### DATA PROVIDED
....

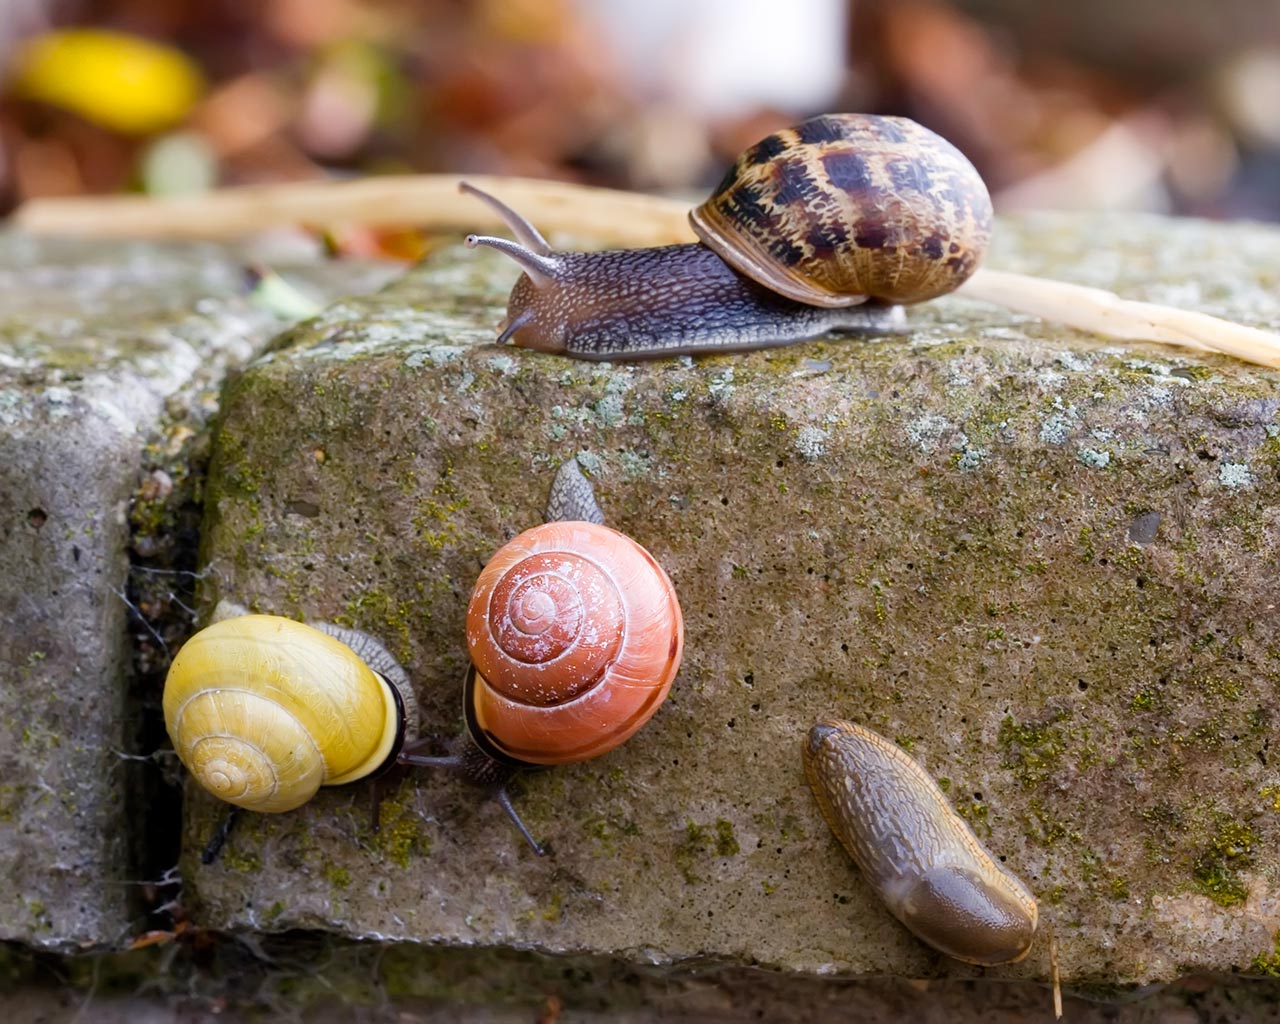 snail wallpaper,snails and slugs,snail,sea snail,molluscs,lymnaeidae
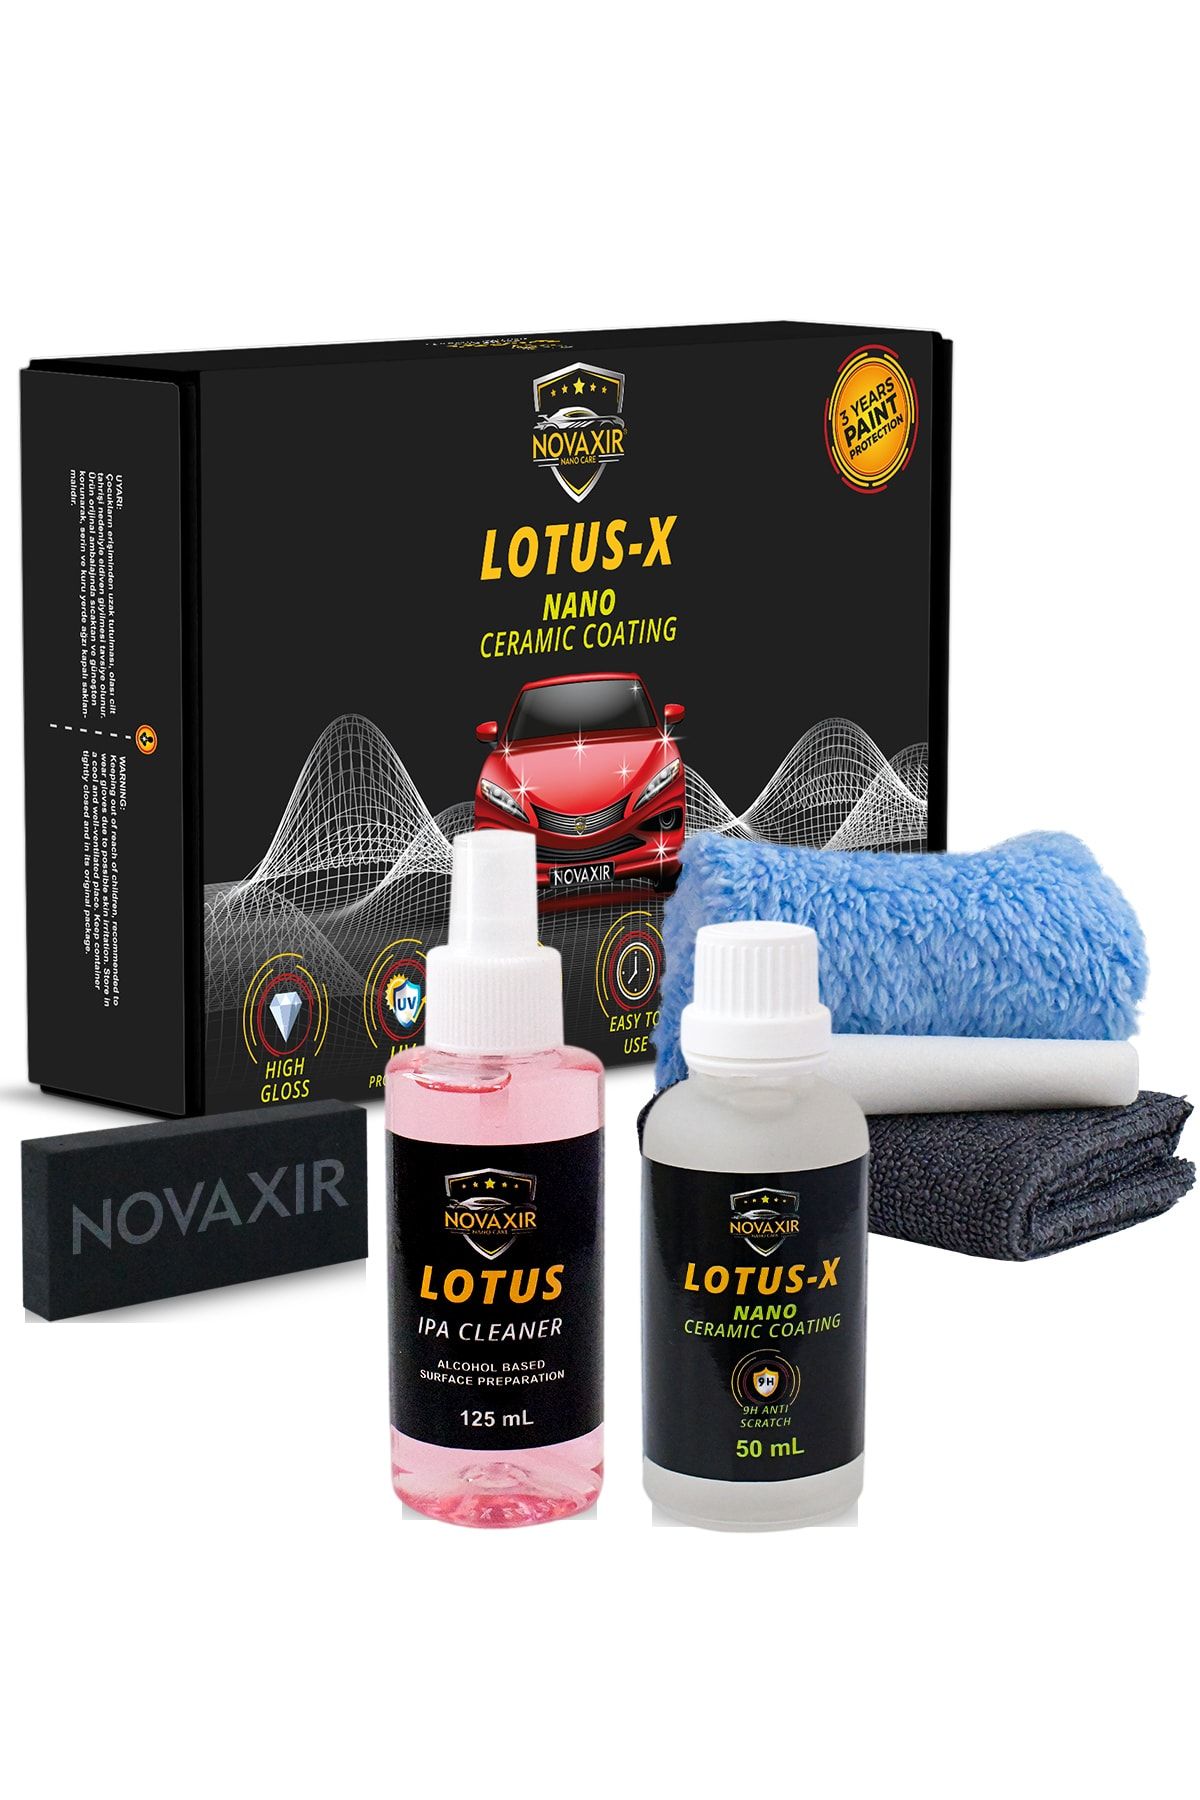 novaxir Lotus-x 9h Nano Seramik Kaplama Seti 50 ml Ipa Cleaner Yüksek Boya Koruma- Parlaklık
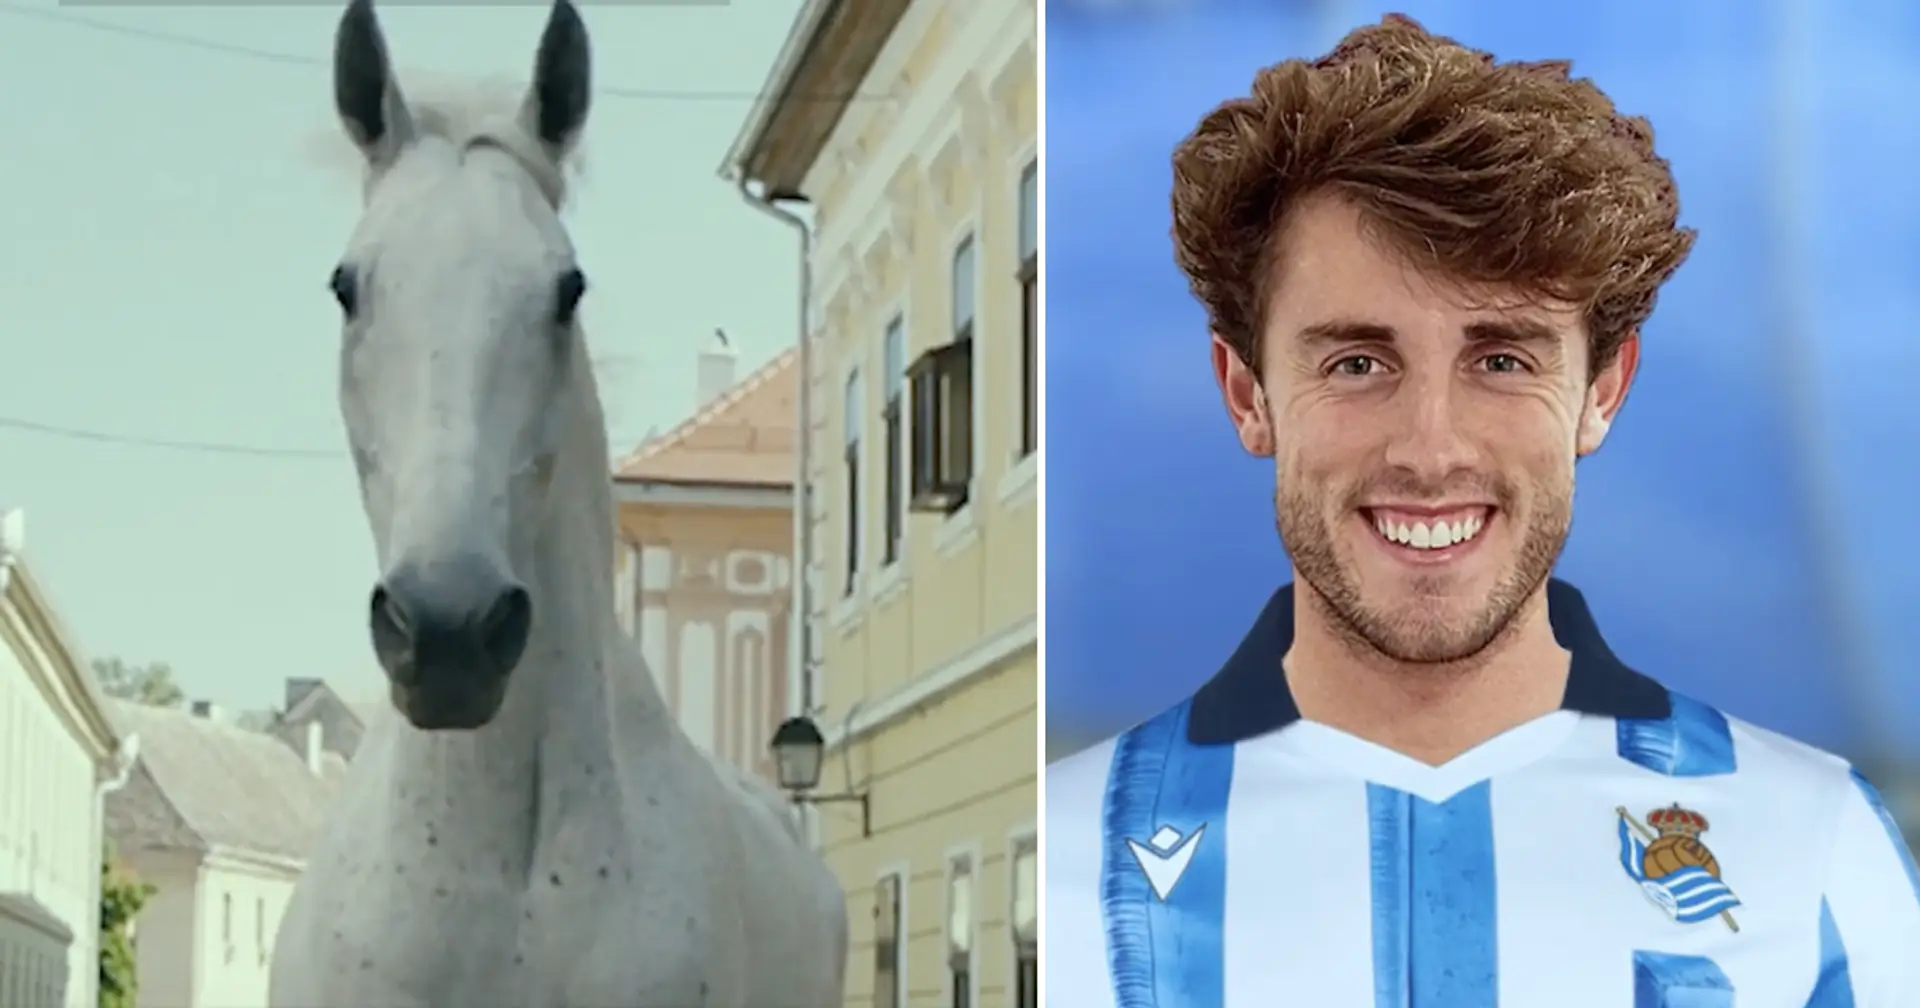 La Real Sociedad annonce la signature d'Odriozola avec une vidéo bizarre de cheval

....

### REQUIRED ACTION
With every picture left out, print exactly the lines from the one containing "novaxir Lotus-x 9h" through the final line of the material above.

### ANSWER
 novaxir Lotus-x 9h Nano Seramik Kaplama Seti 50 ml Ipa Cleaner Yüksek Boya Koruma- Parlaklık
 La Real Sociedad annonce la signature d'Odriozola avec une vidéo bizarre de cheval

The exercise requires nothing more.